**What you are asked to do**: Your answer must be the exact lines of the listing below that run from the line with "How To Keep" to the line with "Two columns with", ends included, and no pictures.

**Data for this task**:
______
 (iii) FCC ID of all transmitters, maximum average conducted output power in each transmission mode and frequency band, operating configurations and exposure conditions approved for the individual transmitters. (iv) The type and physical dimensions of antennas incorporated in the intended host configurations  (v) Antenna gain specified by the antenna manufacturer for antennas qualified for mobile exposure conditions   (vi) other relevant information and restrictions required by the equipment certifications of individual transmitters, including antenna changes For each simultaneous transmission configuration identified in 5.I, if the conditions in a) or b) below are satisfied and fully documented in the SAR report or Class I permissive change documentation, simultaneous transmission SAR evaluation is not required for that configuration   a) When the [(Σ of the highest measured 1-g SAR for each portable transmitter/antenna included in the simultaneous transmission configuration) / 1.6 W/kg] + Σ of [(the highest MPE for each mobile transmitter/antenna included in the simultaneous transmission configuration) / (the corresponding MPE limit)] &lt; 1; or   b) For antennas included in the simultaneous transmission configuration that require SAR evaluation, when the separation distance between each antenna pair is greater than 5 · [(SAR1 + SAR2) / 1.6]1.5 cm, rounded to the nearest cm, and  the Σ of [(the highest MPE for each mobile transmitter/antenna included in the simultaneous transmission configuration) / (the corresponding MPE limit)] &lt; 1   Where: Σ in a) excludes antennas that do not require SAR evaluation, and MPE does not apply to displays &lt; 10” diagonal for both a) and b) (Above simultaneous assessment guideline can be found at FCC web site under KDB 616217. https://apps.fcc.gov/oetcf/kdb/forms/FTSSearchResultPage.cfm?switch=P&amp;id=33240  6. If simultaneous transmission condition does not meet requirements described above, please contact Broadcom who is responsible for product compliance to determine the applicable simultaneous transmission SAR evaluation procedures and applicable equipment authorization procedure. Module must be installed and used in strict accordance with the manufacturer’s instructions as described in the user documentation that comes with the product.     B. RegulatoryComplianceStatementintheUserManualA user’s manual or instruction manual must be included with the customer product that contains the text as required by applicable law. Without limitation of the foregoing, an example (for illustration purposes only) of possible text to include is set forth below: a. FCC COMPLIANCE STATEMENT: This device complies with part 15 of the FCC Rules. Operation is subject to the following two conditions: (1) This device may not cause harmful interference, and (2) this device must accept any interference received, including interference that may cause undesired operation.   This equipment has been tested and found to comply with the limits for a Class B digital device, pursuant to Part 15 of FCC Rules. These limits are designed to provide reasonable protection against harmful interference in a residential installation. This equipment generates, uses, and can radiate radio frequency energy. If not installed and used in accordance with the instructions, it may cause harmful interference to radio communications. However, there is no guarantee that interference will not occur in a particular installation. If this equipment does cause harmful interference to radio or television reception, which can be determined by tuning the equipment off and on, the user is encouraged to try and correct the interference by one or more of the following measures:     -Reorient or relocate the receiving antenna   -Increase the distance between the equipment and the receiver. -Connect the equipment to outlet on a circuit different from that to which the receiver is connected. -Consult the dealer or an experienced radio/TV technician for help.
______
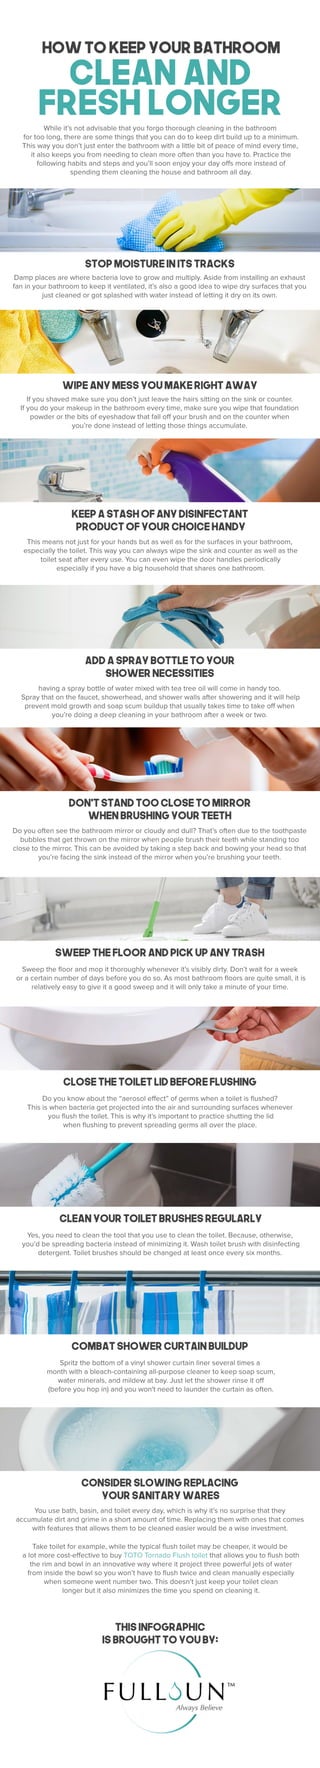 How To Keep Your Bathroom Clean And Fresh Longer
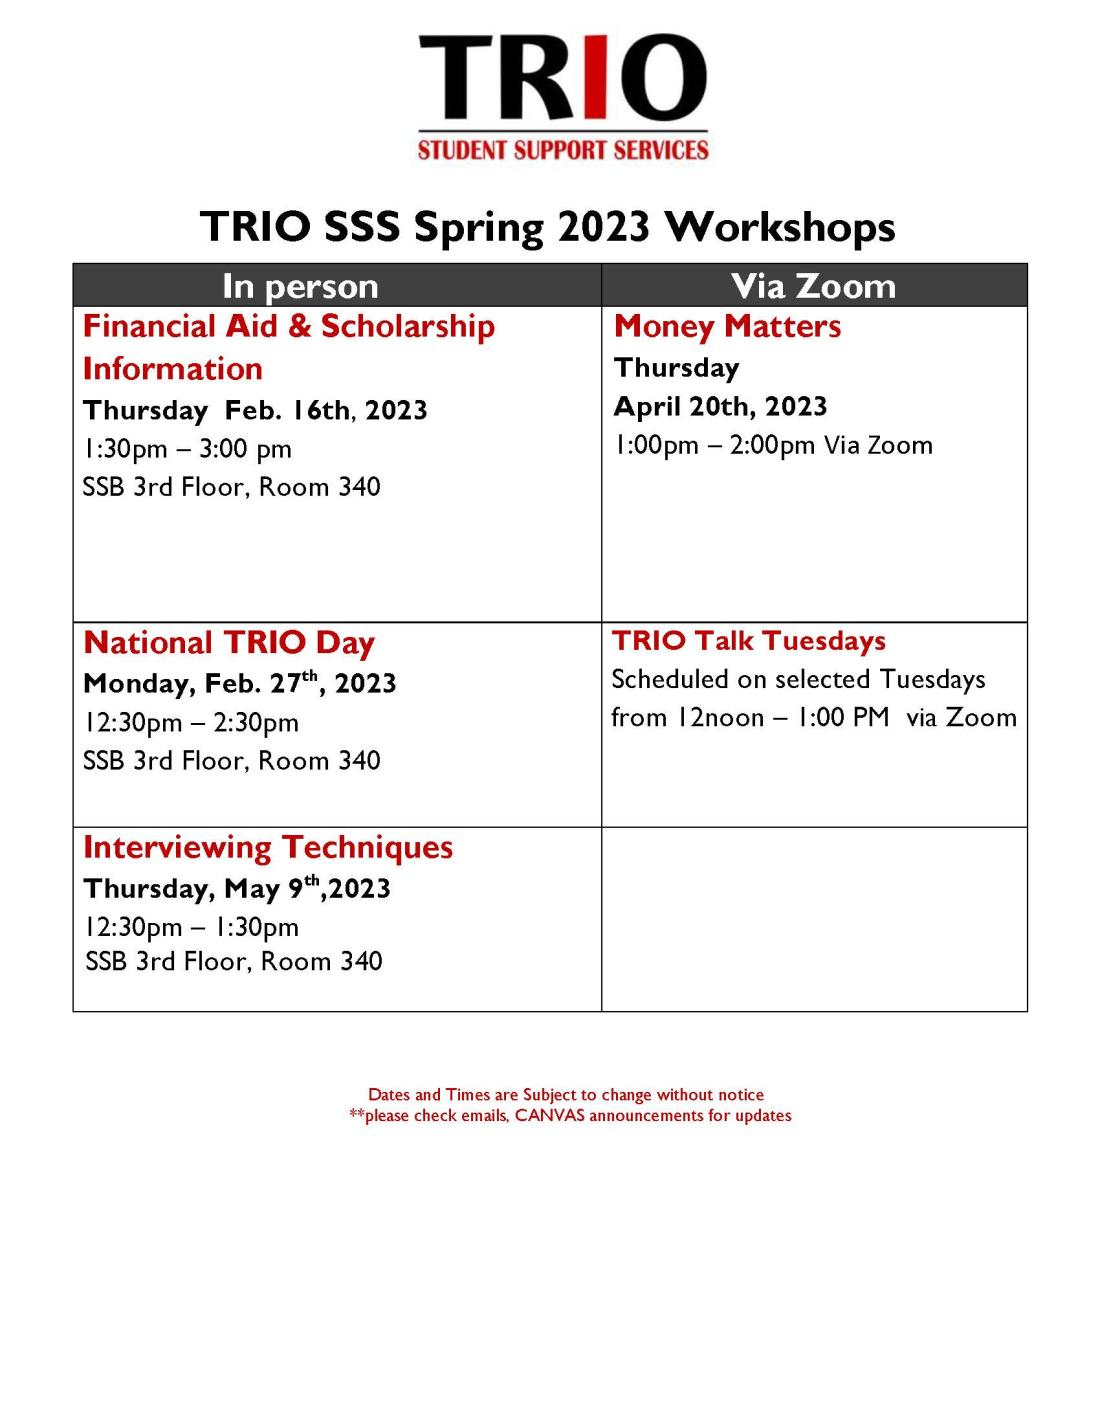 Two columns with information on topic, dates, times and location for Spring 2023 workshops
______
**Task response**:
 How To Keep Your Bathroom Clean And Fresh Longer
 Two columns with information on topic, dates, times and location for Spring 2023 workshops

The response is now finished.